The tower itself was completed in 1501, following 21 years of construction. The builders used local Lamorna granite. Some of the stones weigh more than two tonnes and give the tower its massive strength. Indeed, a 1991 survey showed that even with four bells swinging in the same direction, the 90-foot (27-metre) tower moved only 0.005 inches (0.13 millimetres).

The No. 4 bell is the oldest, dating back to 1638 when West Country founder R Pennington was given an order to cast eight bells. However, a church bell inventory in the late 19th century stated that only three bells were present, dated 1638, 1681 and 1738, thus suggesting that the work was never completed and also that at least two restorations had occurred during the intervening years.
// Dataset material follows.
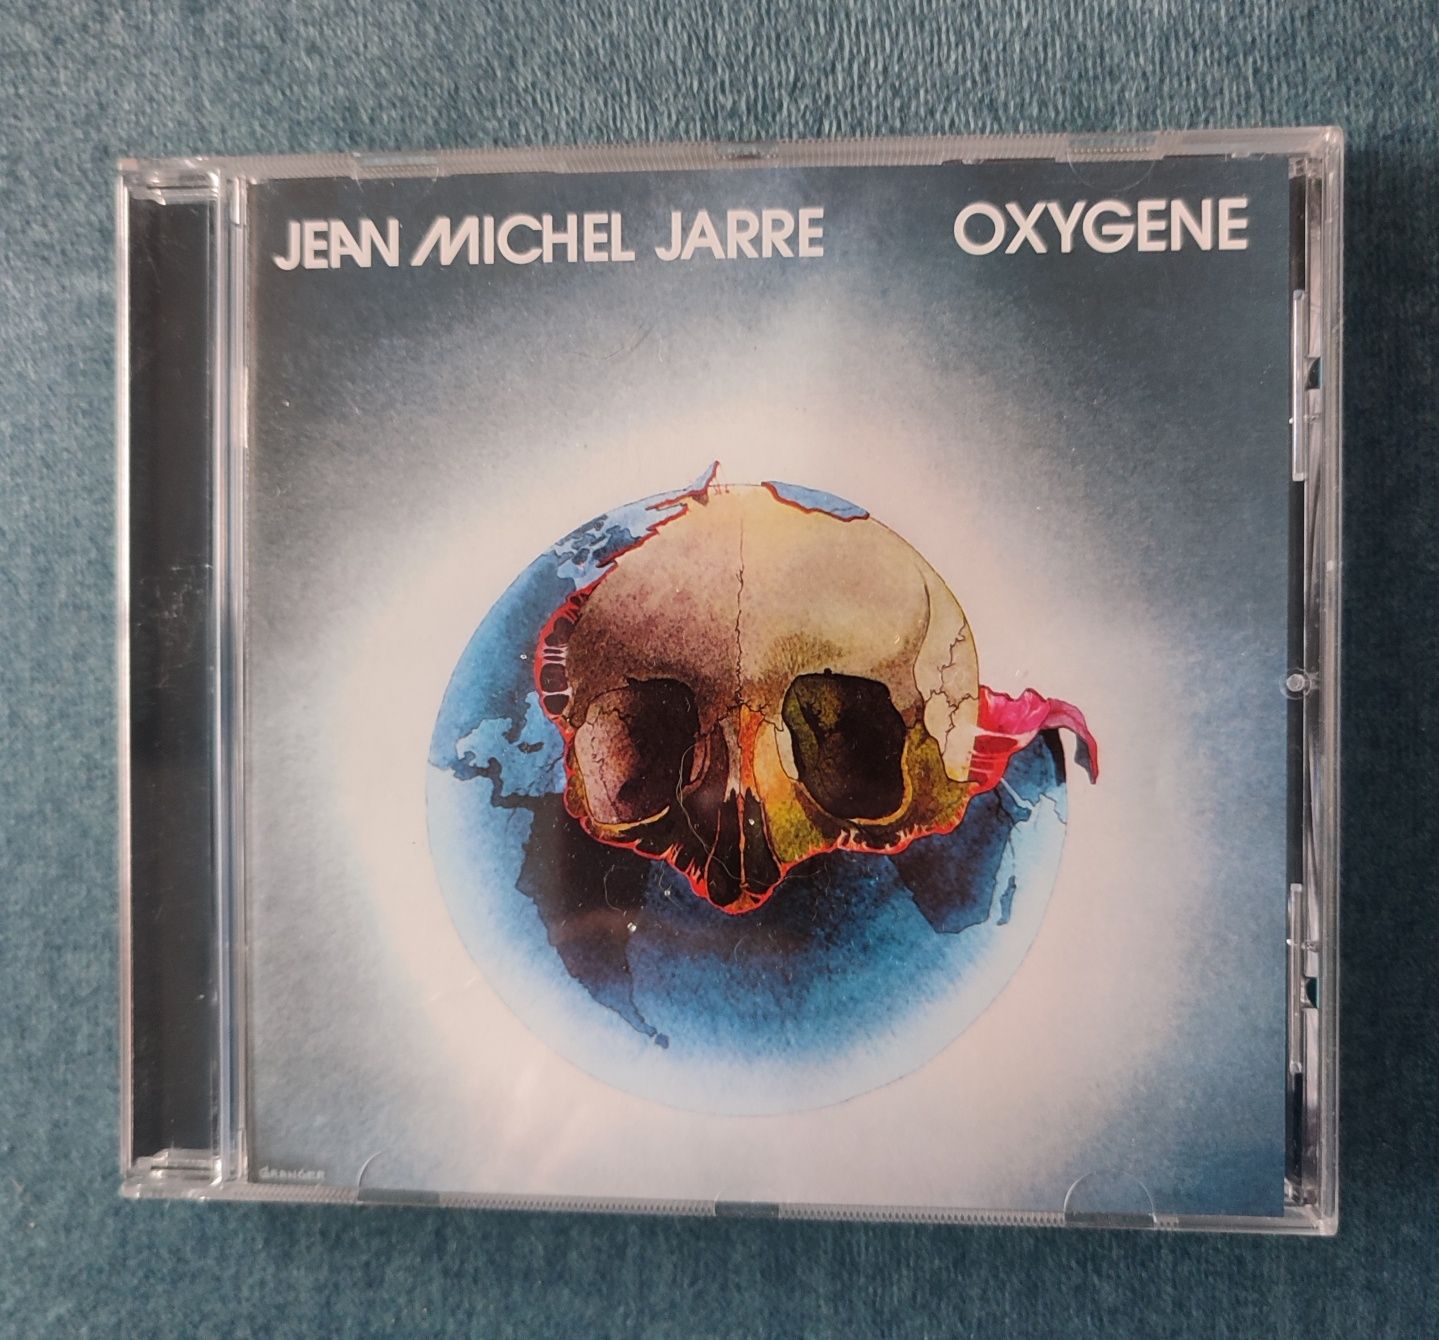 Jean Michel Jarre - Oxygene CD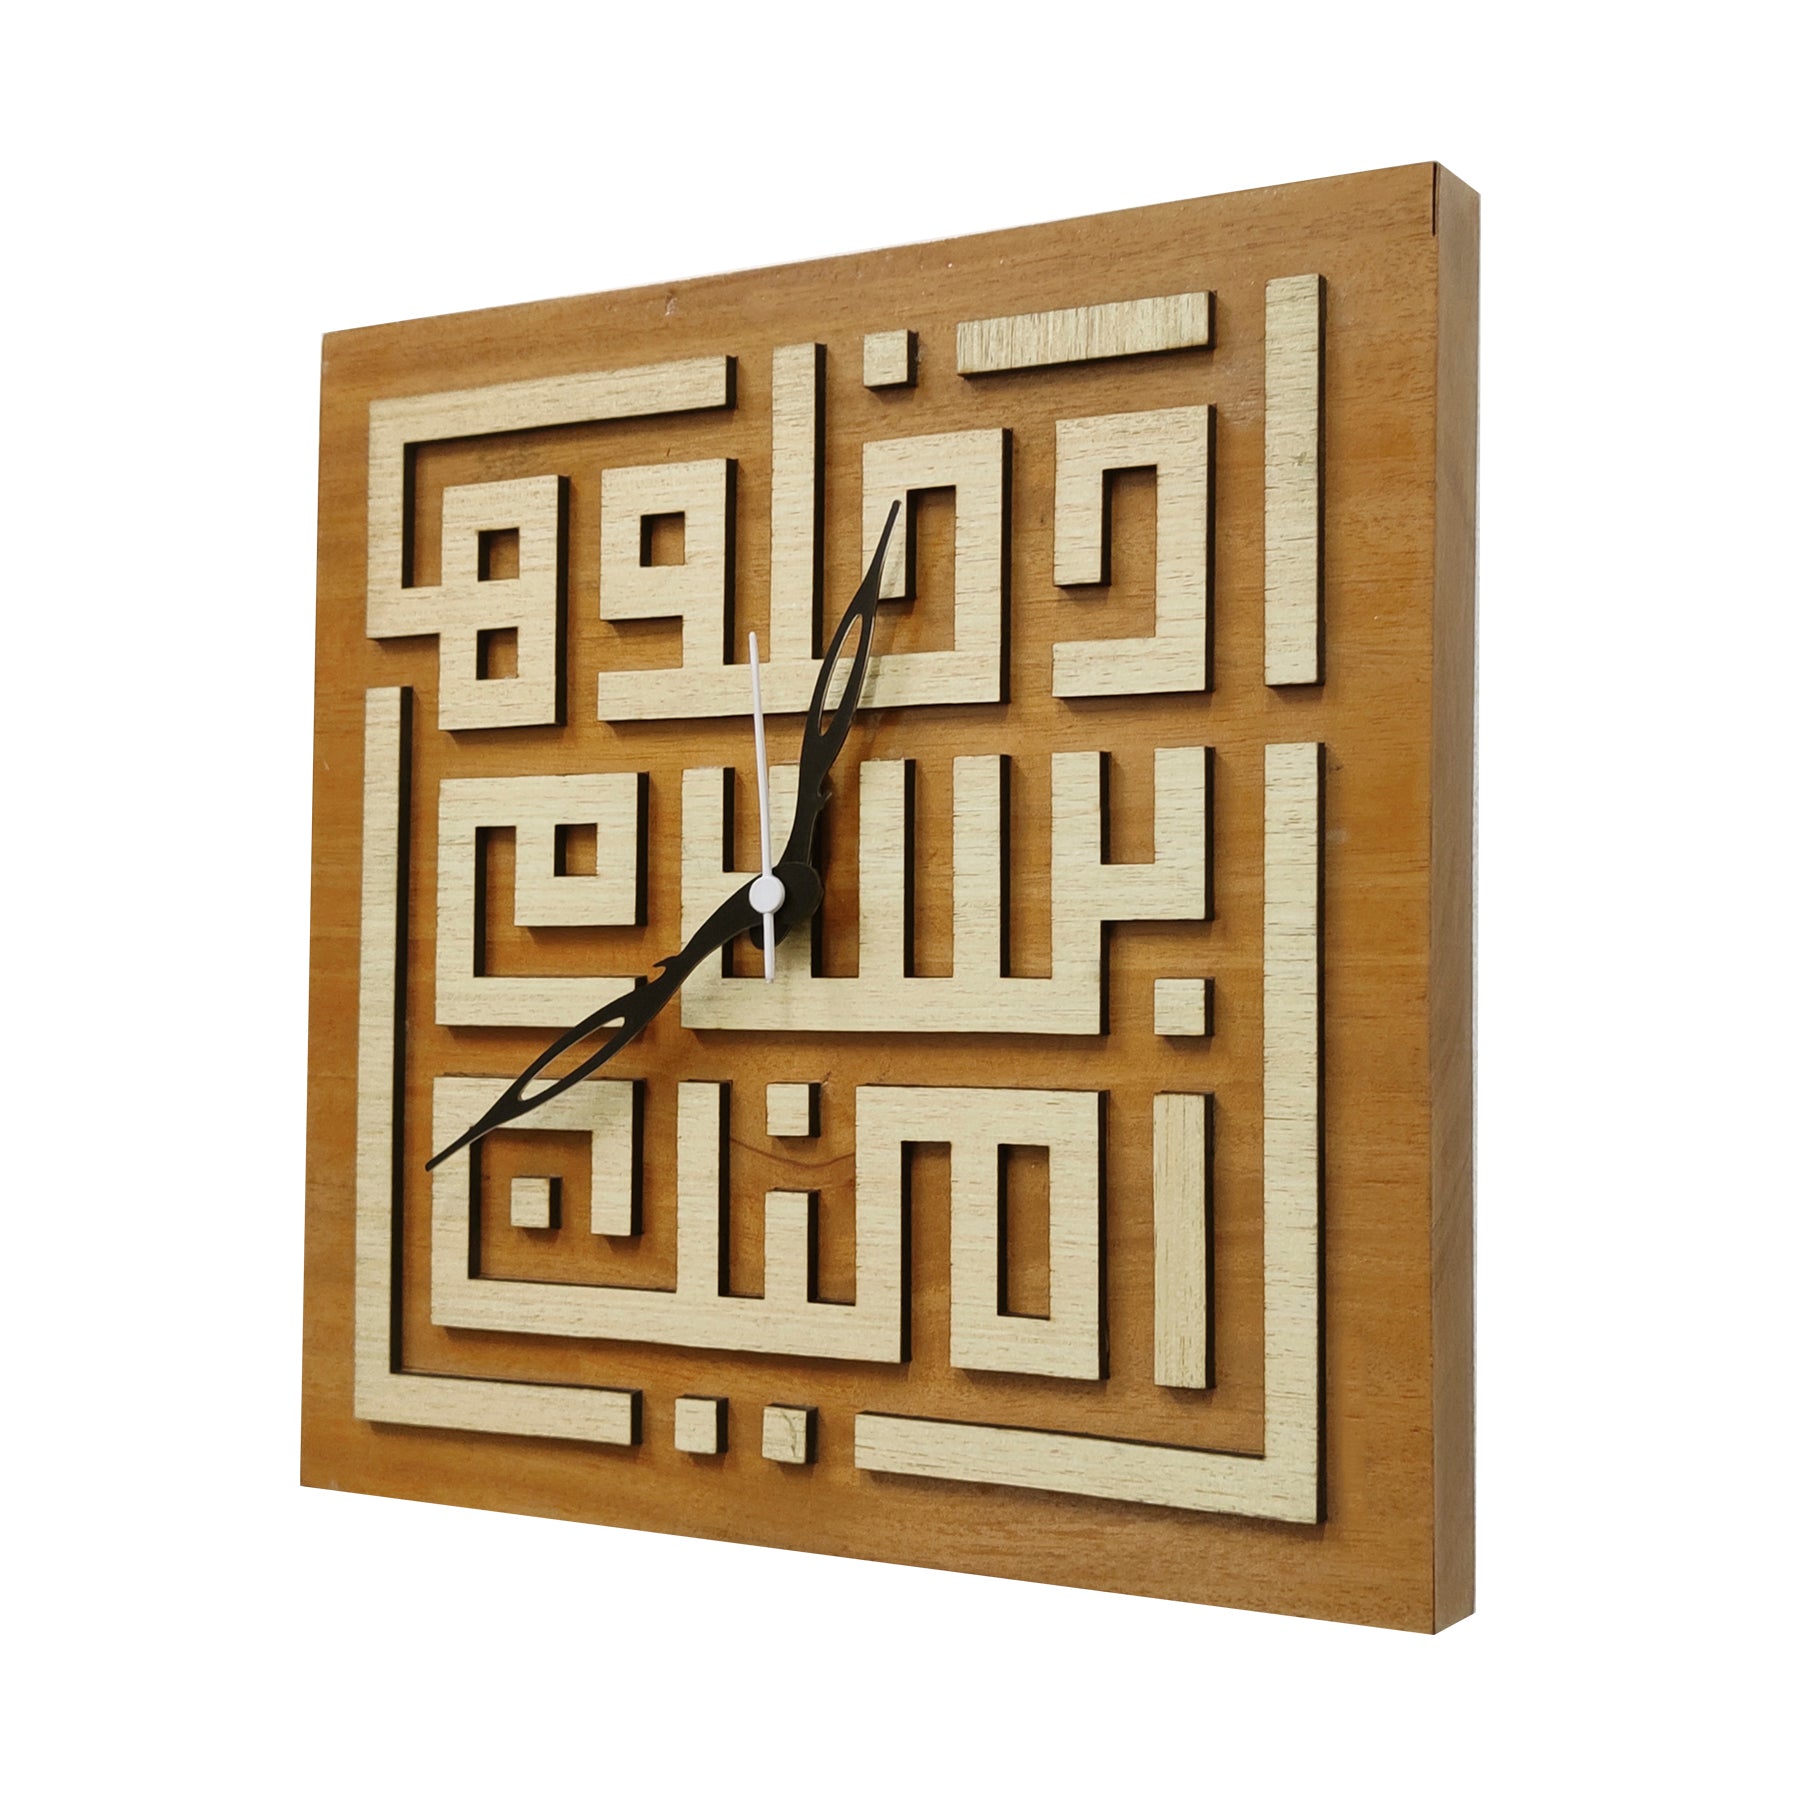 Wooden Arabic Calligraphy Wall Clock Gift

In 1901, Warner’s bell foundry recast two of the old bells and supplemented them with a new tenor, at the same time also retuning the old treble bell. The improved peal was then hung in a new heavy-duty steel frame and dedicated on 31 July, 1901. A band of five men from St Mary’s, Penzance, rang a Bob Minimus composition, but after that the bells, as a full circle, fell into disuse, due to a lack of interest from local ringer groups.

On the initiative of the rector of St Buryan, Reverend Maurice Friggens, a neighbouring ringer, together with local craftsmen, rang the treble full circle in 1981 to mark the wedding of HRH Prince Charles and Lady Diana Spencer.

The initiative of another man, Chris Venn, who had been fascinated by the bells of St Buryan since learning to ring some 30 years previously, resulted in the restoration of the four bells to ringing condition and the augmentation to six bells. After four months’ work replacing wheels, stays, sliders and pulleys and erecting a large steel supporting structure under the bell frame, the world’s heaviest ring of four rang out on 16 February 1991.

A nationwide appeal was launched, and by June 1992 sufficient funds had been raised to rehang and augment the peal to five bells, and a new treble was purchased from Holy Trinity Huddersfield, an 1884 Gillett & Sons Bell. The most recent renovation of the old bells was carried out by Whitechapel Bell Foundry of London. In January 1994 it took the order for a new tenor. This bell, St Solomon, and the treble were hung in their own frame below the other four.

As it turned out, St Solomon lacked depth of sound to match the Gillett bell, and in 2001 a new treble was ordered from Whitechapel.

All the bell headstocks are fitted with SKF spherical roller bearings and mounted in SKF plummer block housings with V-ring seals, all donated by SKF. As the sound of the bells rolls across the countryside, it reminds the housebound and the non-churchgoers of their historical heritage.